(Beginning of DATASET EXCERPT)

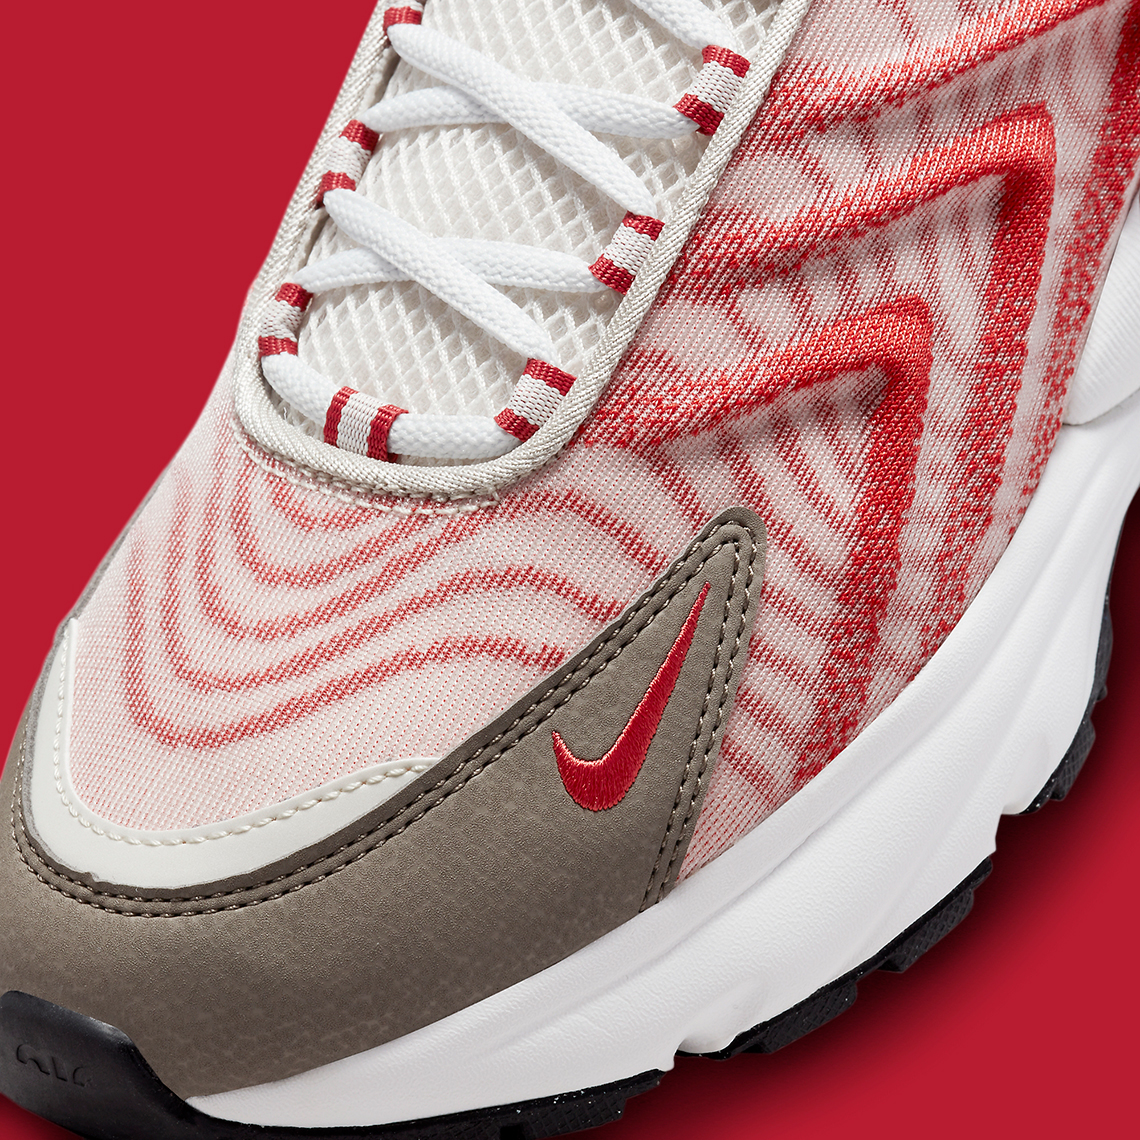 Nike Air Max TW Red White DQ3984-002 | SneakerNews.com
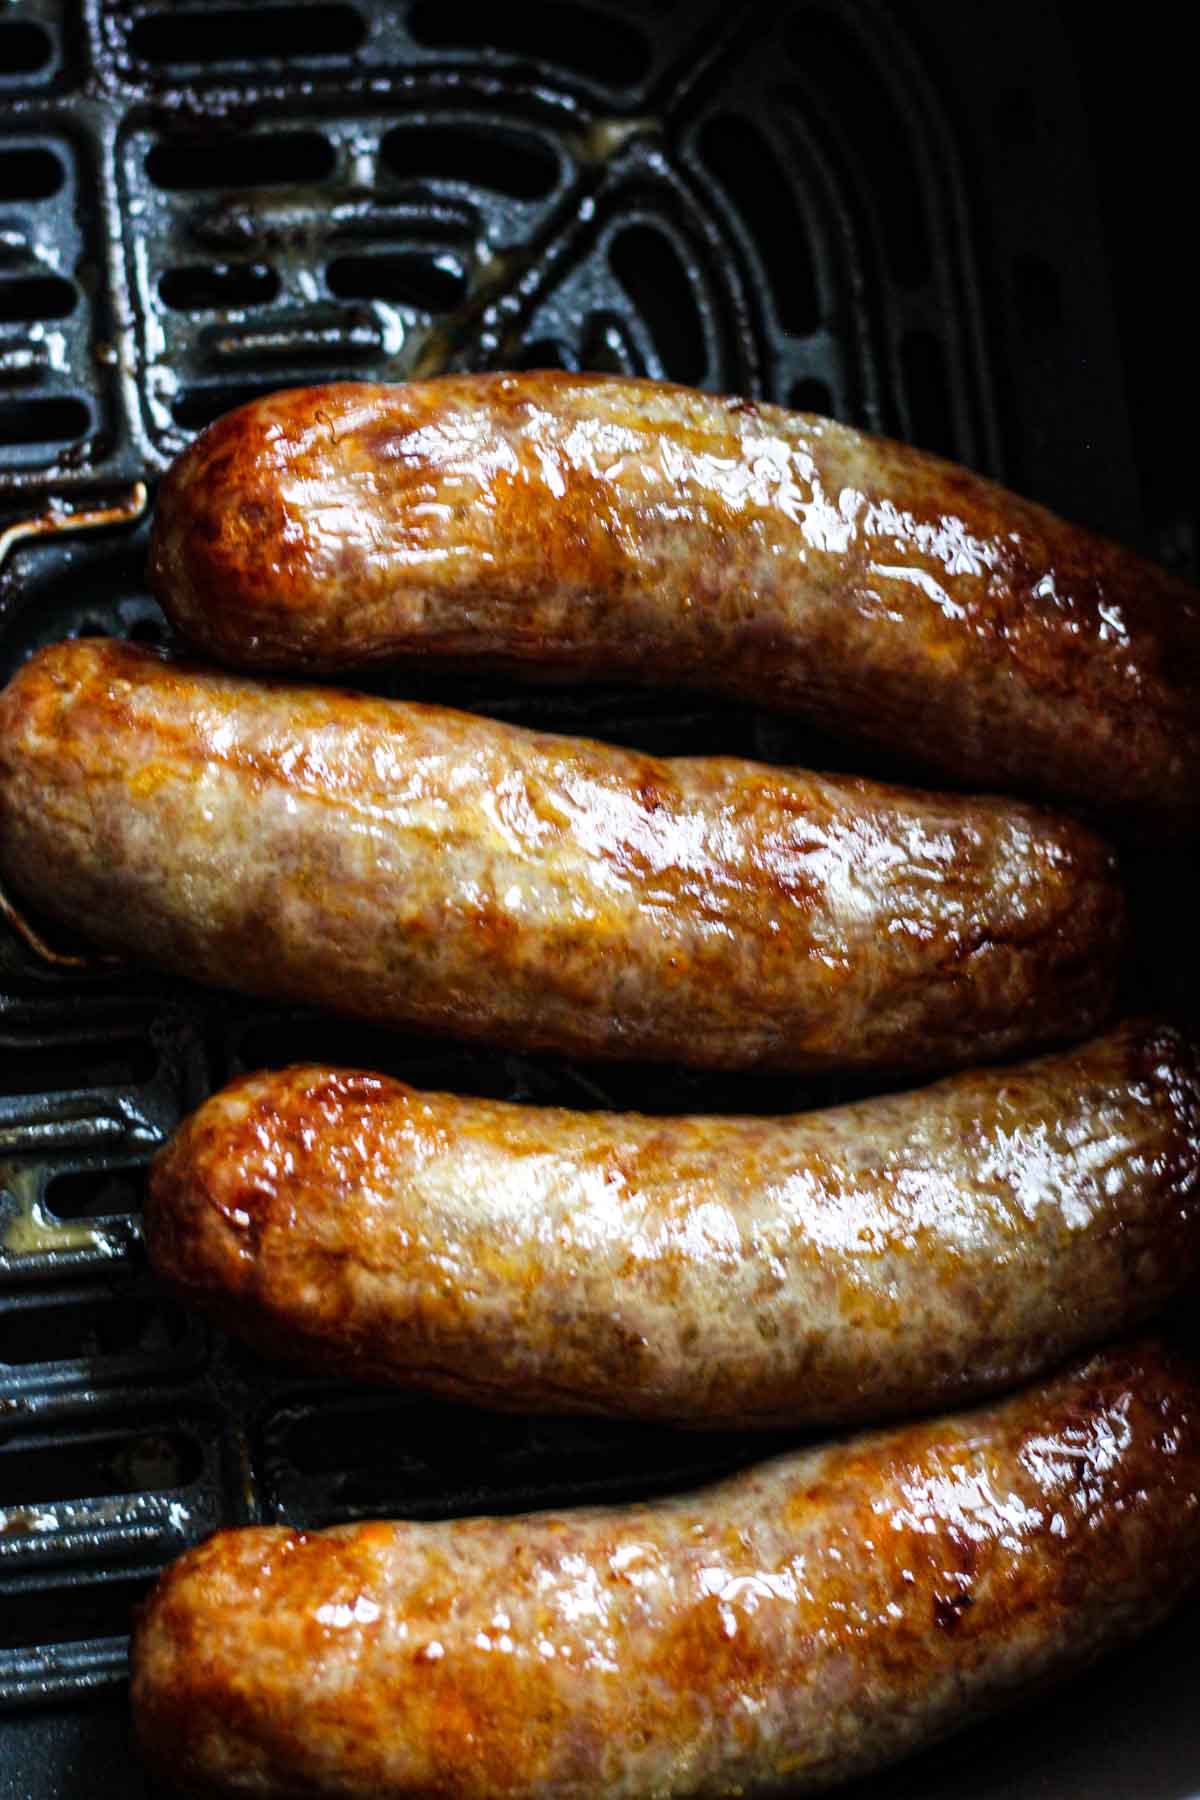 How to cook air fryer brats (johnsonville cheddar bratwurst) - The Top Meal
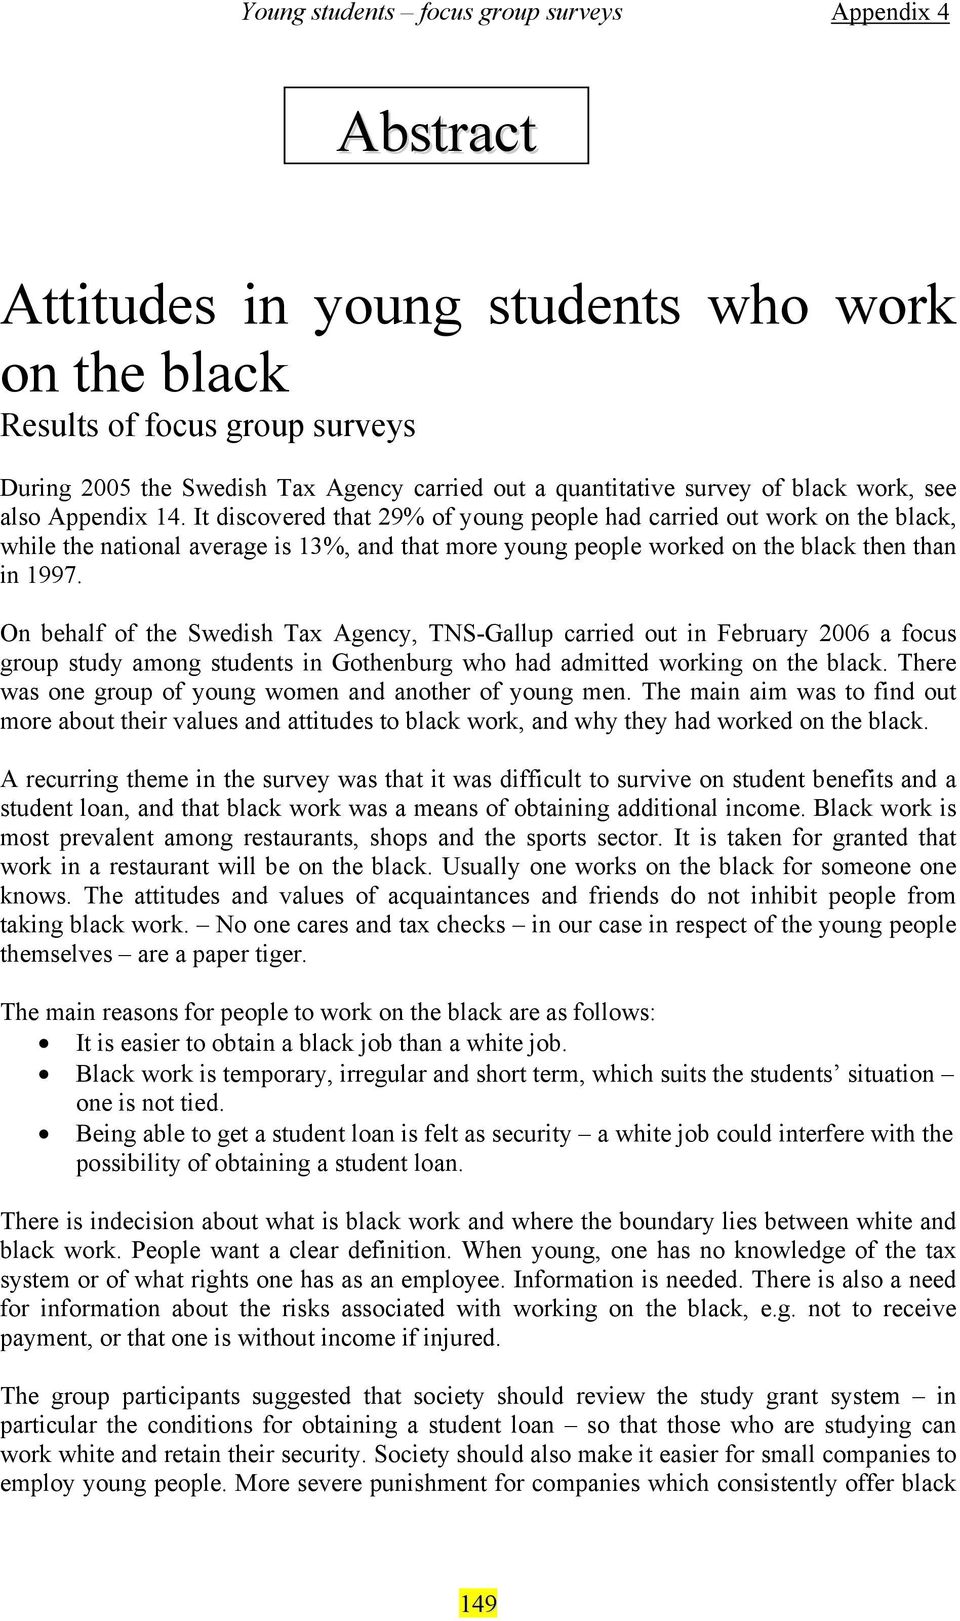 On behalf of the Swedish Tax Agency, TNS-Gallup carried out in February 2006 a focus group study among students in Gothenburg who had admitted working on the black.

(End of DATASET EXCERPT)

WHAT THIS TASK INVOLVES — Reproduce the data above exactly, leaving each picture out.

SOLUTION FOR THIS TASK —
 Nike Air Max TW Red White DQ3984-002 | SneakerNews.com
 How to cook air fryer brats (johnsonville cheddar bratwurst) - The Top Meal
 On behalf of the Swedish Tax Agency, TNS-Gallup carried out in February 2006 a focus group study among students in Gothenburg who had admitted working on the black.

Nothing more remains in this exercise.